Are you going to get more rich synthetic data for machine learning by trying tons of logistic or uniform distribution, or other types of distribution? If so, you have to be careful about model identifiability. In essence, you might create data from two different models, but statistically, it’s indistinguishable. In statistical terms, it's called the identifiability issue of a model. So to make your synthetic synthetic data richer you cannot say you’re going to have a million parameters in your model, or that you’re going to use tons of different distributions. In one example, rather than using a mixture of distributions I use a superposition of point processes.

It's not that different, and there is an underlying density that creates the ellipse but I used uniform in two or three or four dimensions and simplify here, but there were essentially three types of distribution that produced three types of different types of data:

Cauchy Distribution
Uniform Distribution
Logistic Distribution

I could change Logistic to Gaussian and it would barely make any changes. That's one of the issues with synthetic data for machine learning.

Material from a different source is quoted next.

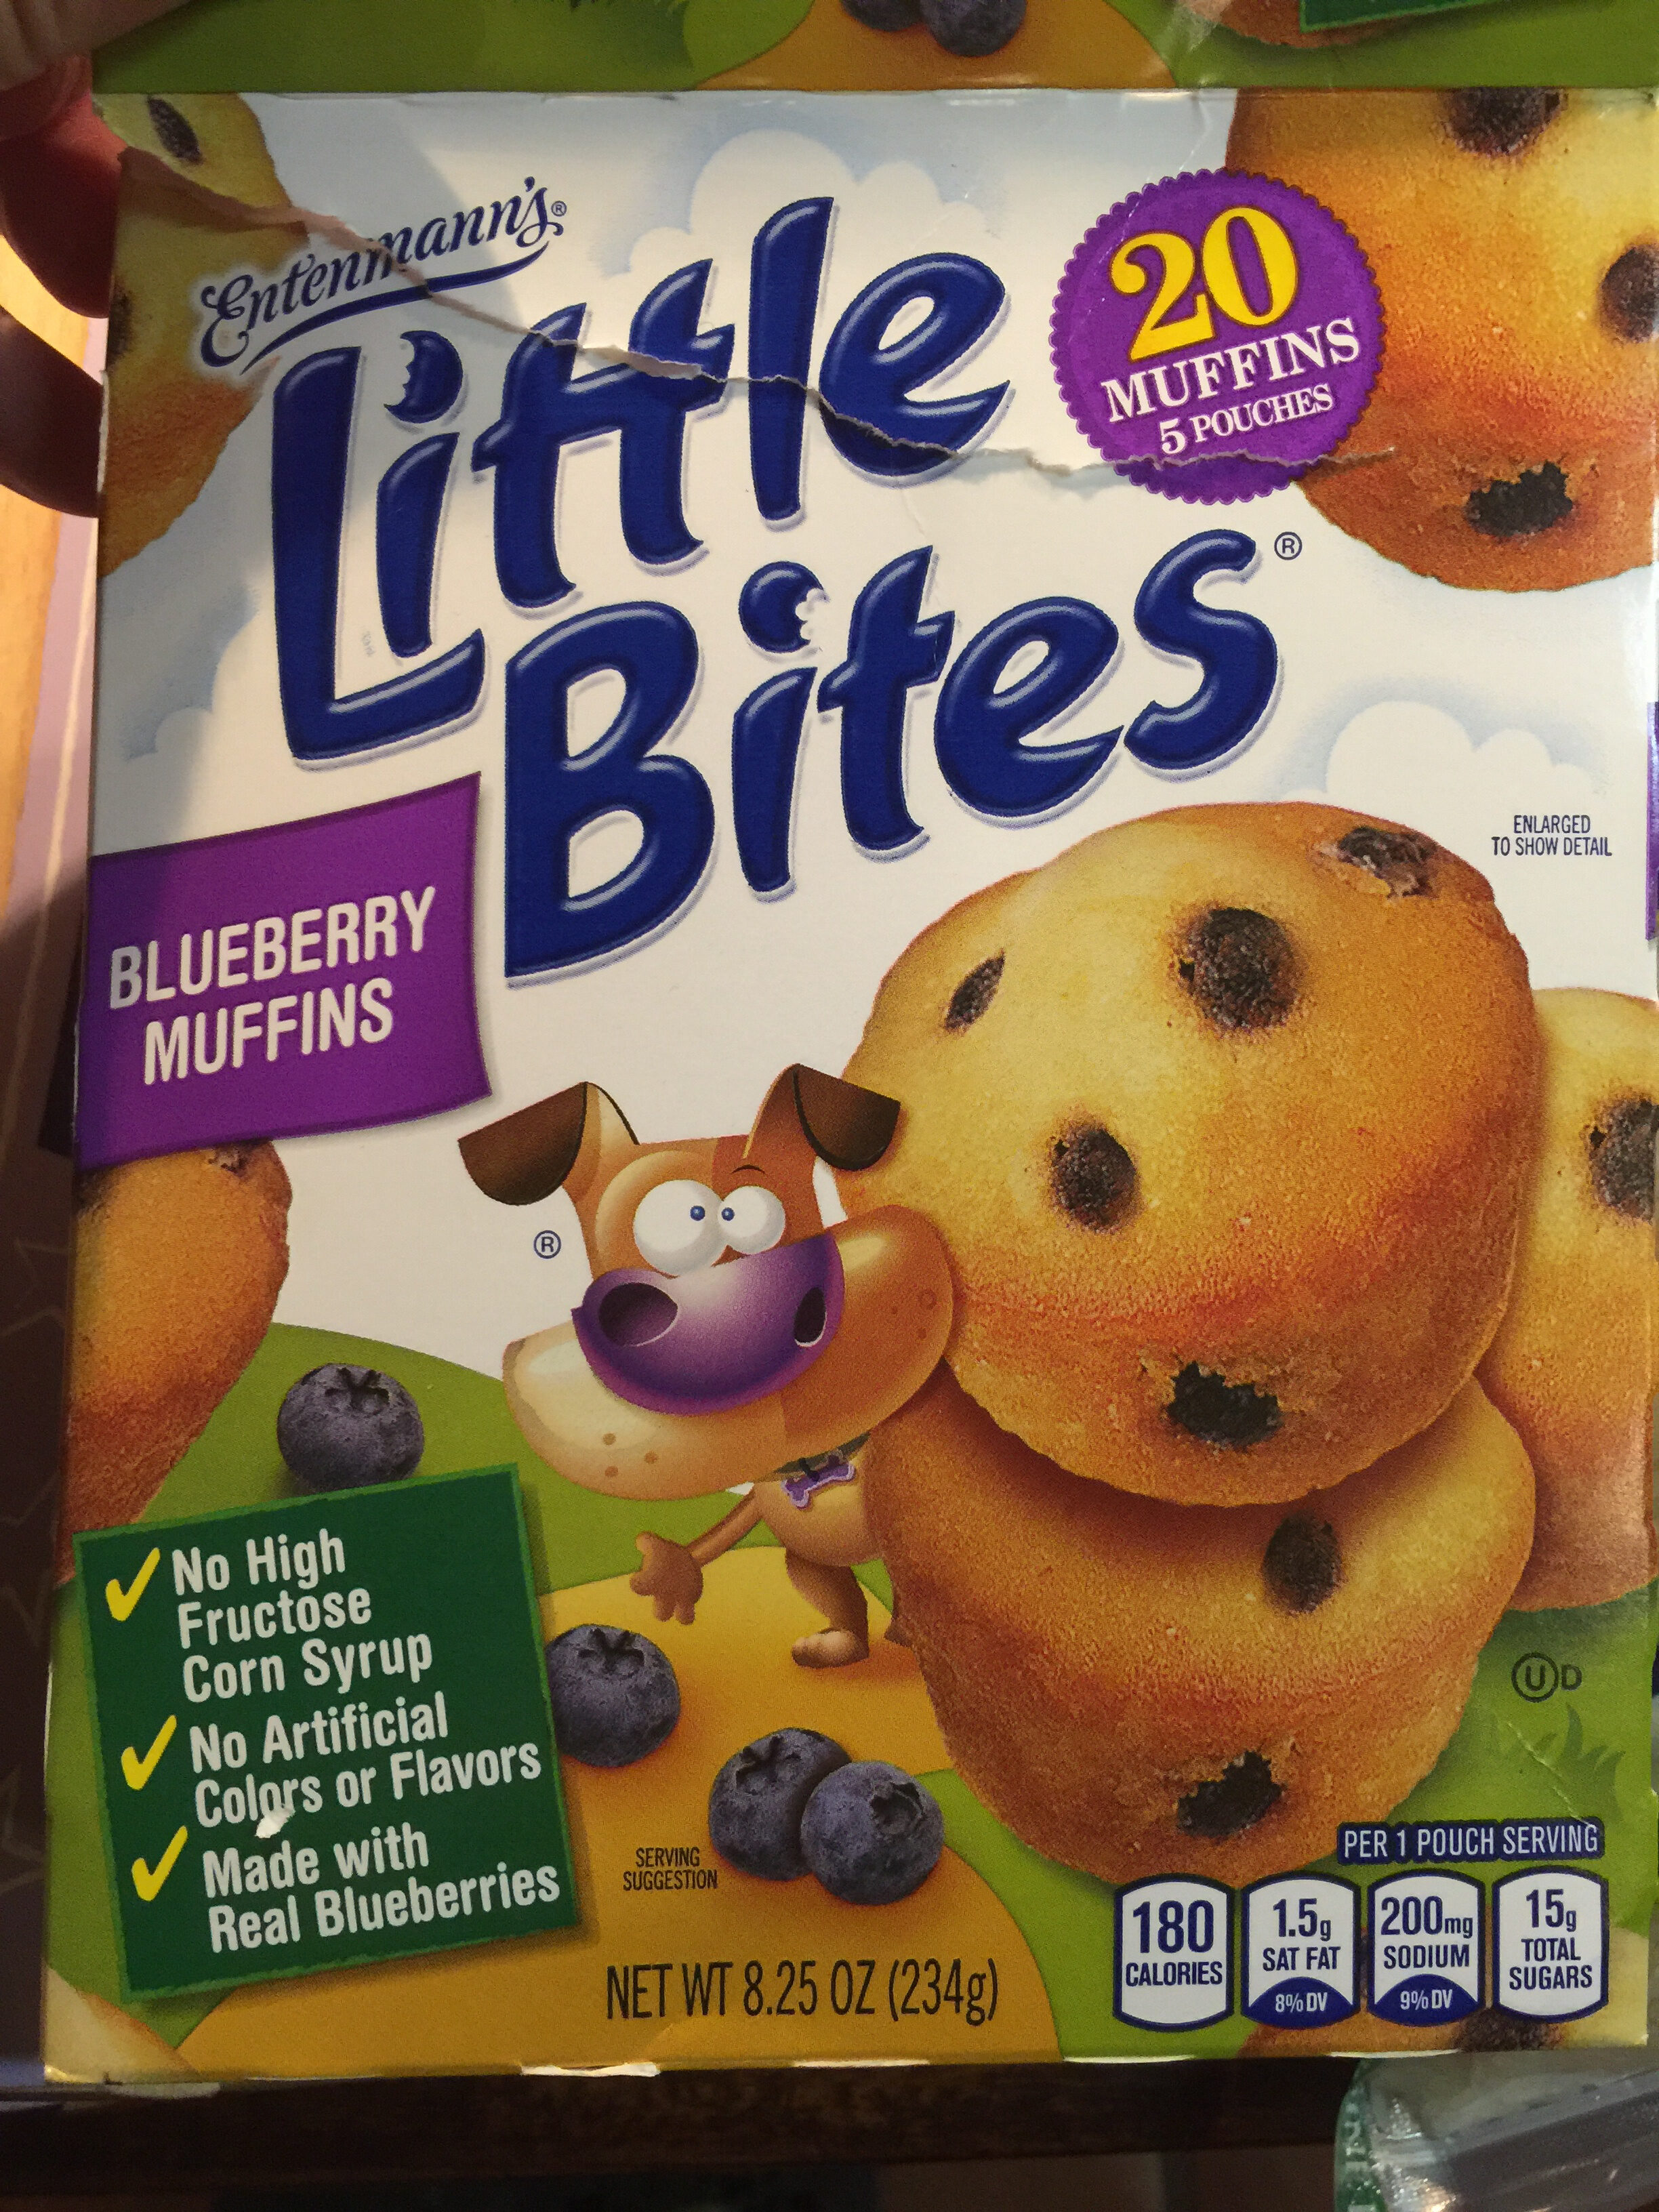 Blueberry muffins, blueberry - Entenmann's

Nicolai: You mentioned this element of bootstrapping data to create tighter confidence sets. Historically, bootstrapping would be used to create very tight confidence intervals, and we would want the samples to be independent, but follow the same kind of correlation metrics. That becomes a challenge when the dataset becomes very high-dimensional. It’s tough to create synthetic data for machine learning automatically when the dimension of your data is high, especially when you don't have too many data points that describe that phenomenon. As a result, we need to think deeply about how we understand those correlations when the sample size is too small, and how we create synthetic data to build confidence intervals when the sample size is very small. We start to think about sparsity and affective dimensions, and it's a big topic.

Drawing on your corporate experience, what are the 5 most valuable or common data sets you have seen in the past where synthetic data can help?

Nicolai: Fraud detection is a problem that we see in the banking and insurance industries. With one of our customers right now, we’re helping them improve the performance of their fraud detection system by 15% with some of the metrics they use for the fraud detection system. They’re also using some deep learning methods, but it is interesting, given the 15% uplift of the model with synthetic data.

Vincent: Recently I spoke with one of the Venture Capitalists (VC) who funded my past company, and right now he’s involved with a financial company, but what they are trying to do is collect data about accidents, and health issues in order to recover money, so the lawyers can take it to court and get some amount of money to the victim. The VC pays the victim upfront based on the fact that somehow he is going to recover the money. There are a lot of cases where the dollar amount is small, and some are bigger but rarer. That's the type of situation where having the ability to create a variety of different cases helps. There are a lot of possible injuries, and it's not a straightforward problem, so that would be a situation where synthetic data for machine learning could help.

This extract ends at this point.